————————————————————————————–

Mixture Modeling for Discipline Based Education Researchers (MM4DBER) is an NSF funded training grant to support STEM Education scholars in integrating mixture modeling into their research.

Download project materials here: GitHub Repository

————————————————————————————–

Data Source: Civil Rights Data Collection (CRDC) repository

https://github.com/UrbanInstitute/education-data-package-r

https://educationdata.urban.org/documentation/index.html#data_sources

Variable terms & definitions

https://www.isbe.net/Documents/Civil-Rights-Data-Collection-Terms.pdf

————————————————————————————–

Example: Bullying in Schools

To demonstrate mixture modeling in the training program and online resource components of the IES grant we utilize the Civil Rights Data Collection (CRDC) (CRDC) data repository.
The CRDC is a federally mandated school-level data collection effort that occurs every other year.
This public data is currently available for selected latent class indicators across 4 years (2011, 2013, 2015, 2017) and all US states.
In this example, we use the Arizona state sample collected in 2017 (i.e., LCA indicators).
We utilize six focal indicators which constitute the latent class model in our example; three variables which report on harassment/bullying in schools based on disability, race, or sex, and three variables on full-time equivalent school staff hires (counselor, psychologist, law enforcement).
This data source also includes a variety of candidate auxiliary variables: Covariates reported in 2017 and distal outcomes reported in 2018 (e.g., math/reading assessments and graduation rates).

————————————————————————————–

R Data Science Terminology

What is a data.frame (shorthand; df)?

A data.frame is a specific type of R-object (an object that we save into the R Global Environment; see upper-right window pane). When we save data.frames using functions frome the tidyverse package they are saved as tibbles which is just a special format of df.

What is an R function? E.g, read_csv()

R functions are the tools which are designed to conduct specific data science tasks such as reading CSV files into R. They work by having the user provide 1 or more inputs called arguments. Arguments are separated within R functions by commas (,). R functions can also do things like estimate statistical models lm() and calculate equations sum(). This is a bit confusing because in the statistics the same term is used to refer to a statistical or mathematical operations (e.g., f(x) = m(x) + b). R packages contain pre-made functions, or you can write your own.
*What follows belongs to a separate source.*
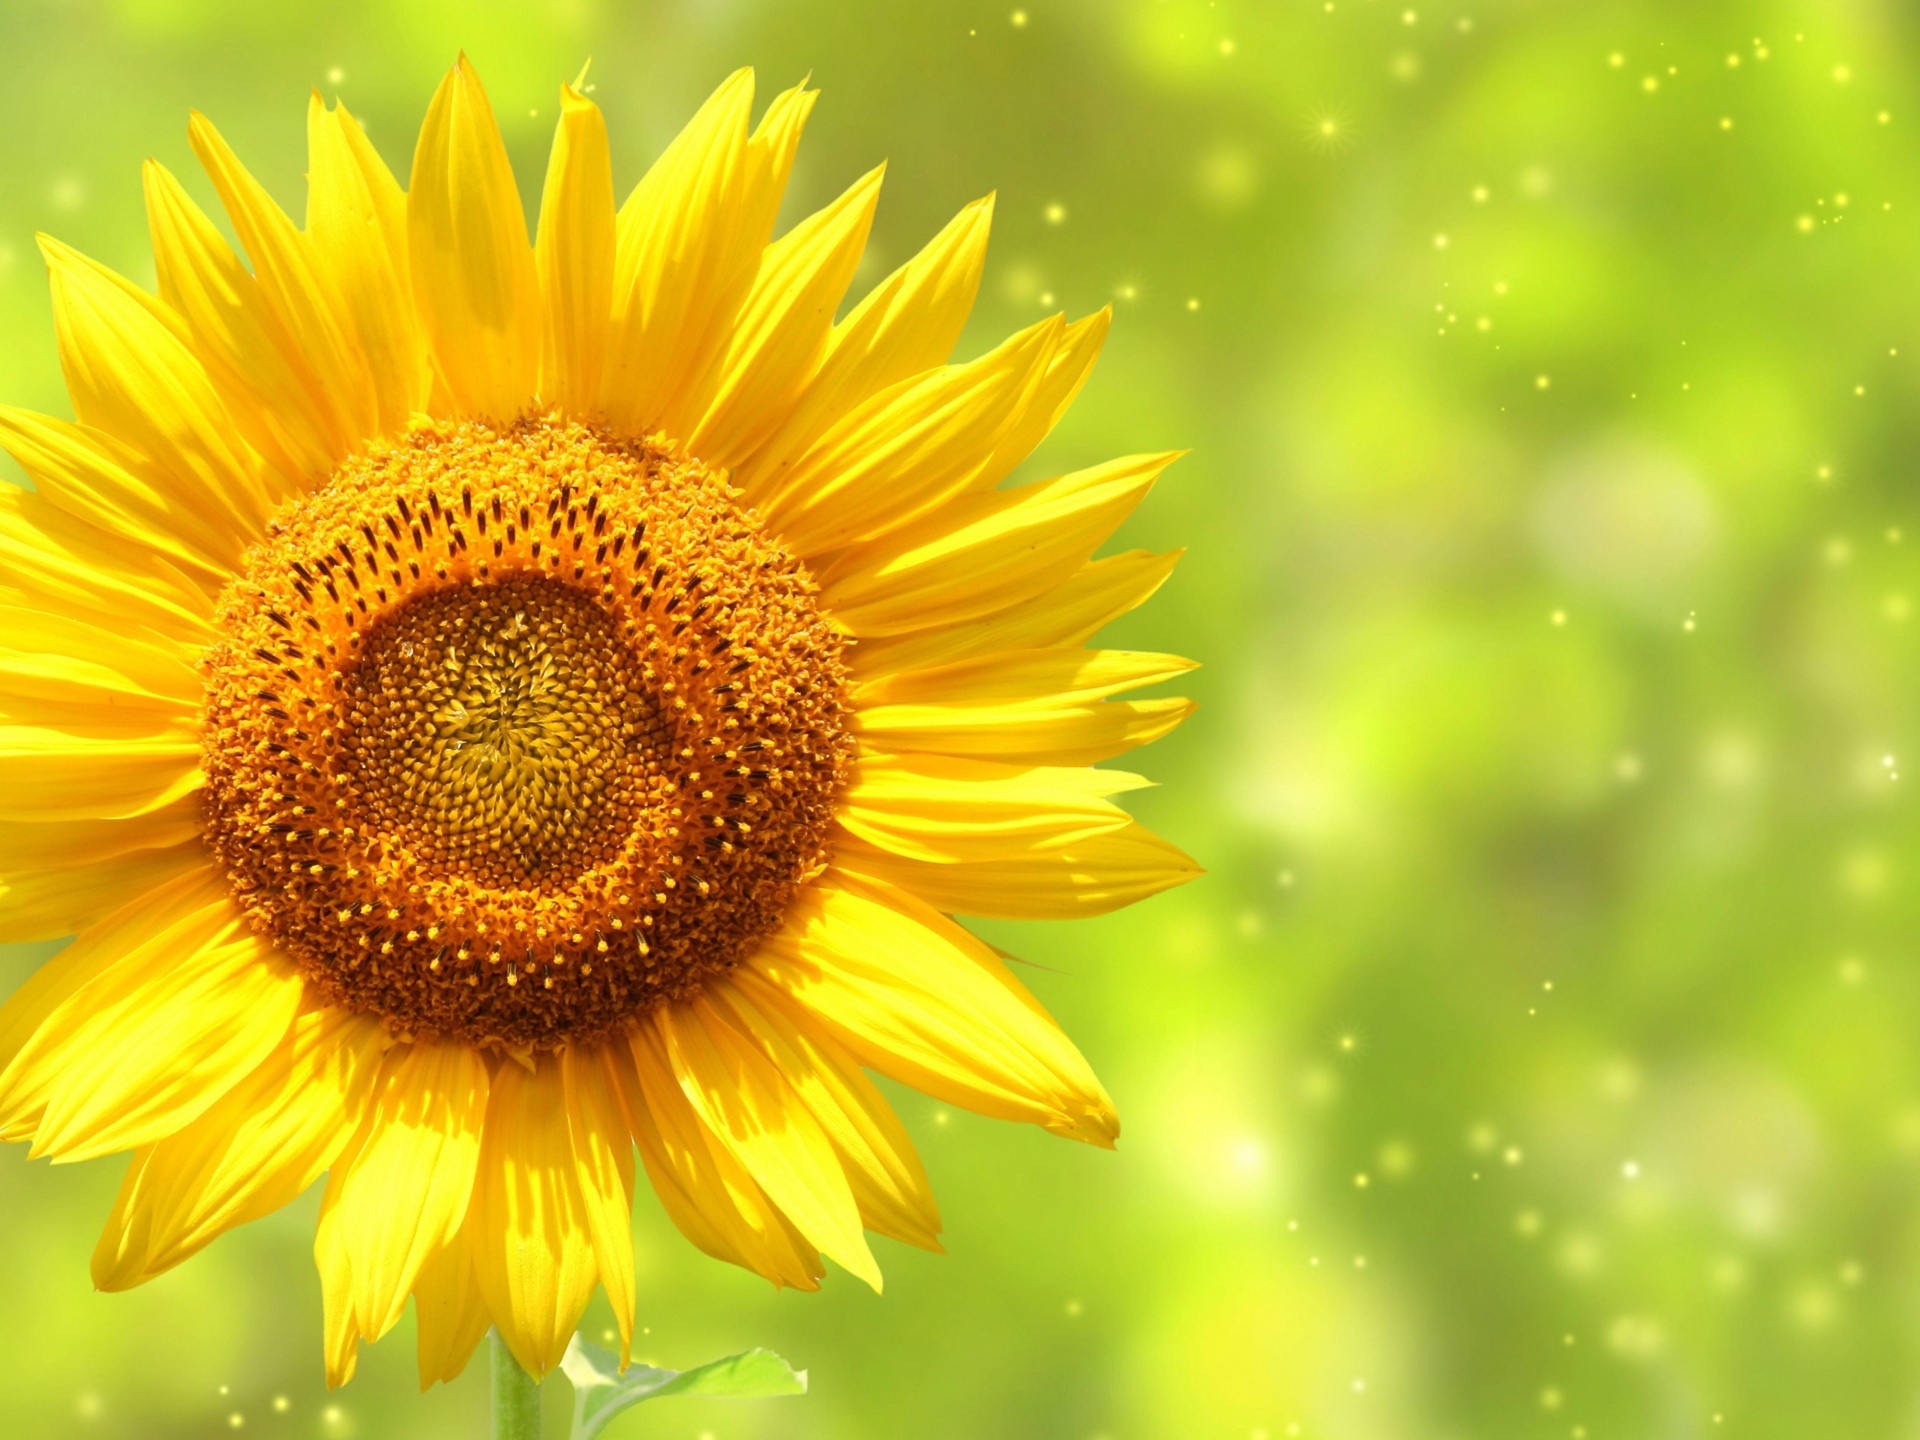 The Yellow Sunflower
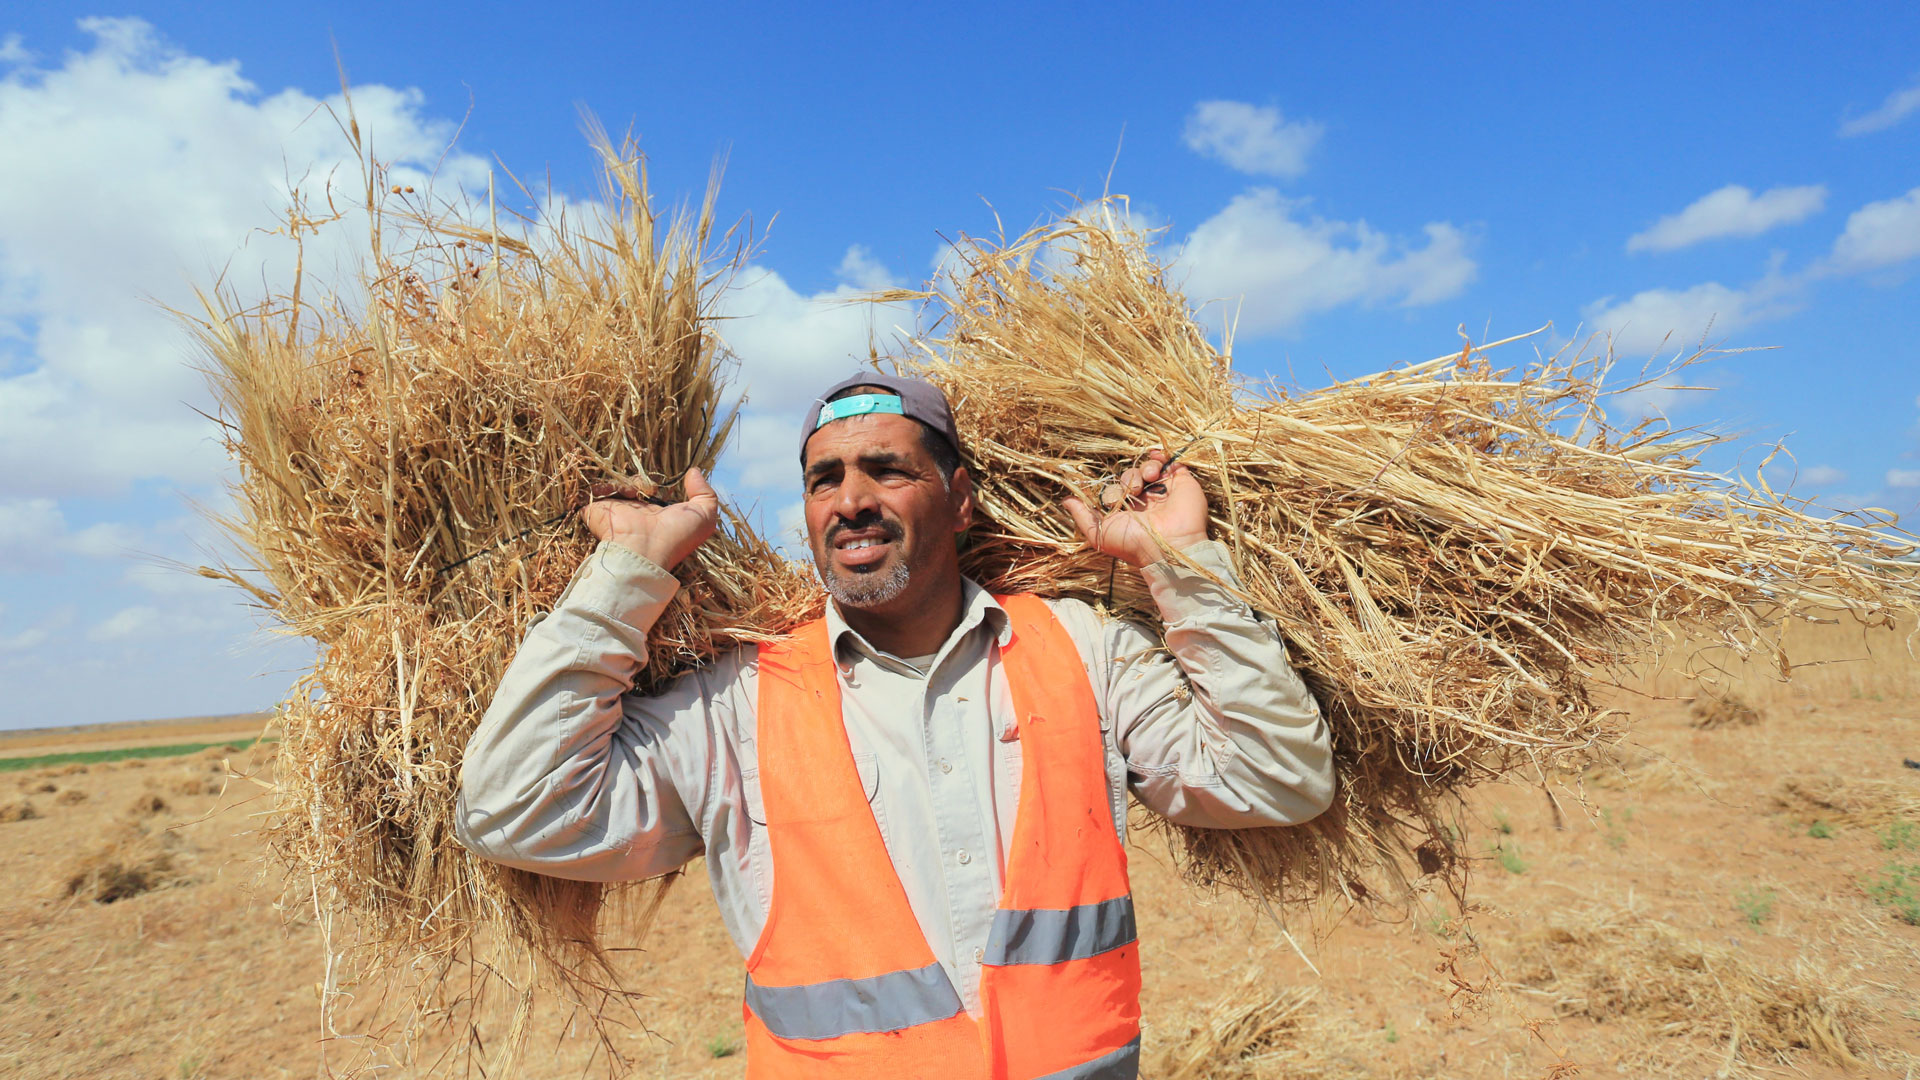 Palästinensische Bauern ernten Weizen auf einem Feld nahe der Grenze zu Israel. | picture alliance / ZUMAPRESS.com

What are arguments within R functions?

Arguments are places where the user (you) need to include an input. Arguments are ordered sequentially within R functions.
For example, the write_csv() functions first argument is where you input the data.frame which you want to use to write a CSV file from

————————————————————————————–

Task 1a: Load in the raw `bullying` indicators & save it within your `R-project`

————————————————————————————–

Install & load packages

NOTE: The educationdata R package is the location in which this data was downloaded from

*We will not need it for this tutorial but if you want to access this large education repository (see link)

#install.packages("educationdata")
library(educationdata)

library(tidyverse)
library(here)
library(naniar)
library(janitor)
library(naniar)
library(gt)
library(lubridate)
library(glue)

Step 1: Load data from repository source (we will skip this step - it takes to long!):

Load data from the educationdata R package using the function get_education_data()
Specify the specific data targets (level, source, topic, subtopic, filters)
I have already done this for you & saved the data in CSV format (in the data sub-folder)

# bullydis17 <- get_education_data(
#                          level = 'schools', 
#                          source = 'crdc', 
#                          topic = 'harassment-or-bullying', 
#                          subtopic = list('disability', 'sex'),
#                          filters = list(year = 2017),
#                          add_labels = TRUE)

Step 2: Create a CSV file for easy access in your data directory (again- we will skip this step):

Write a CSV file using the write_csv() function (so you don’t have to reload it every time)
Argument 1: Provide the data.frame R-object to read into the function
Argument 2: use the here function to specify the location & name of the CSV file you create
NOTE: The code here::here() is excessively verbose, just here() would also work. In some instances if you want to make it clear to future readers such as your future-self which R package the here() function comes from you can use this long-format (in this case it is obvious and so redundant/unnecessary to include).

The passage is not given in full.